Третьим ударом стало поражение восстания против советской власти. Сто пятьдесят волнующих часов осе­нью 1956 года Венгрия была независимой. Царило не­обычайное повстанческое настроение. 29 октября пред­седатель Совета министров Имре Надь демонстративно покинул партийный центр и под ликование народа во­шел в здание парламента. В холодное ноябрьское вос­кресенье, в четыре часа утра, началась ответная опера­ция советских войск. Тысячи венгров погибли в уличных боях против превосходящих сил Красной армии.

После восстановления «порядка» советское коман­дование пообещало Надю разрешить уехать за границу, во что он с поразительной наивностью поверил — его, разумеется, арестовали и казнили, как и 229 других ре­волюционеров. После кровопролитий 1848 и 1956 годов венгры и русские не могли оставаться в дружеских от­ношениях. Есть некая ирония судьбы в том, что в 1989 году именно Венгрия первой получила возможность вы­рваться из сферы советского влияния. Открытие вен­герских границ, которое произошло наперекор настой­чивому сопротивлению ГДР и Москвы, повлекло за собой распад Восточного блока и Советского Союза. Сегодня же с политической и экономической точек зре­ния Венгрия — самая успешная страна среди бывших стран Варшавского договора.

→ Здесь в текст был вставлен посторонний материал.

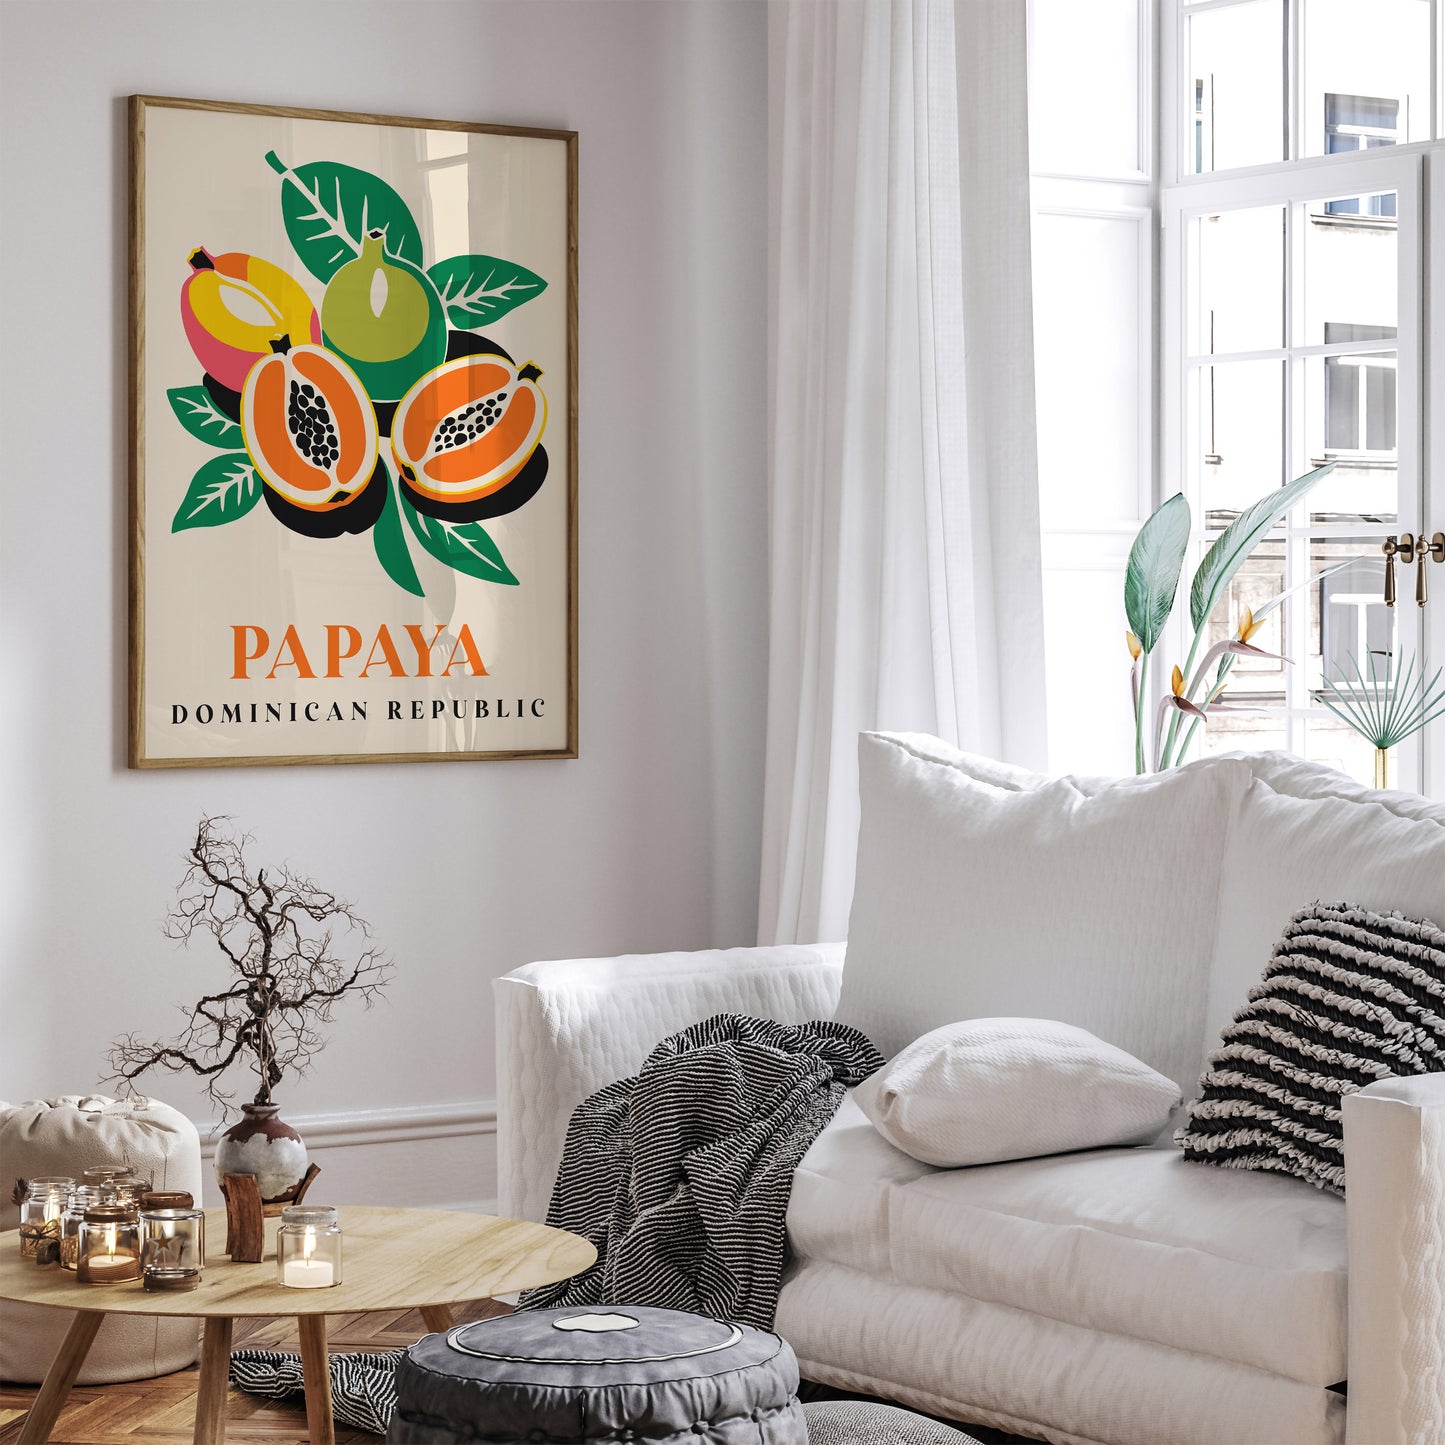 Papaya Tropical Fruit Poster

История Венгрии доказывает, что поражения порой оборачиваются победами. Прежние победители со вре­менем могут стать проигравшими, тогда как проиграв­шим никто не может запретить оставаться самими со­бой.

В качестве примера венгерского самообладания мне хотелось бы привести своего прапрадеда, графа Стефана Сечени. Его бескорыстие граничило с безумием, по­скольку он полагал, что вещи надо отдавать, прежде чем их у тебя заберут. Впрочем, как экономист и политик, он проповедовал бережливость. Одно из его поучений гла­сило: «Если у тебя есть 300 овец, то управляй хозяйством так словно у тебя их всего 30». По сей день прапрадед остается самым прогрессивным экономическим и соци­альным реформатором Венгрии. Благодаря его усилиям страна вышла на новый, современный этап самосозна­ния. До начатой им «эпохи реформ» Венгрия была фео­дальным, средневеково-византийским государством, чья знать спускала на венских скачках капитал, зарабо­танный в поместьях крепостными. Богатство некоторых венгерских князей достигало таких размеров, что приоб­ретало восточный колорит. Избирательным правом об­ладали лишь высшие слои общества, они и решали судь­бу страны. Землевладельцы были защищены законом 1600-летней давности, который запрещал закладывать земельные участки.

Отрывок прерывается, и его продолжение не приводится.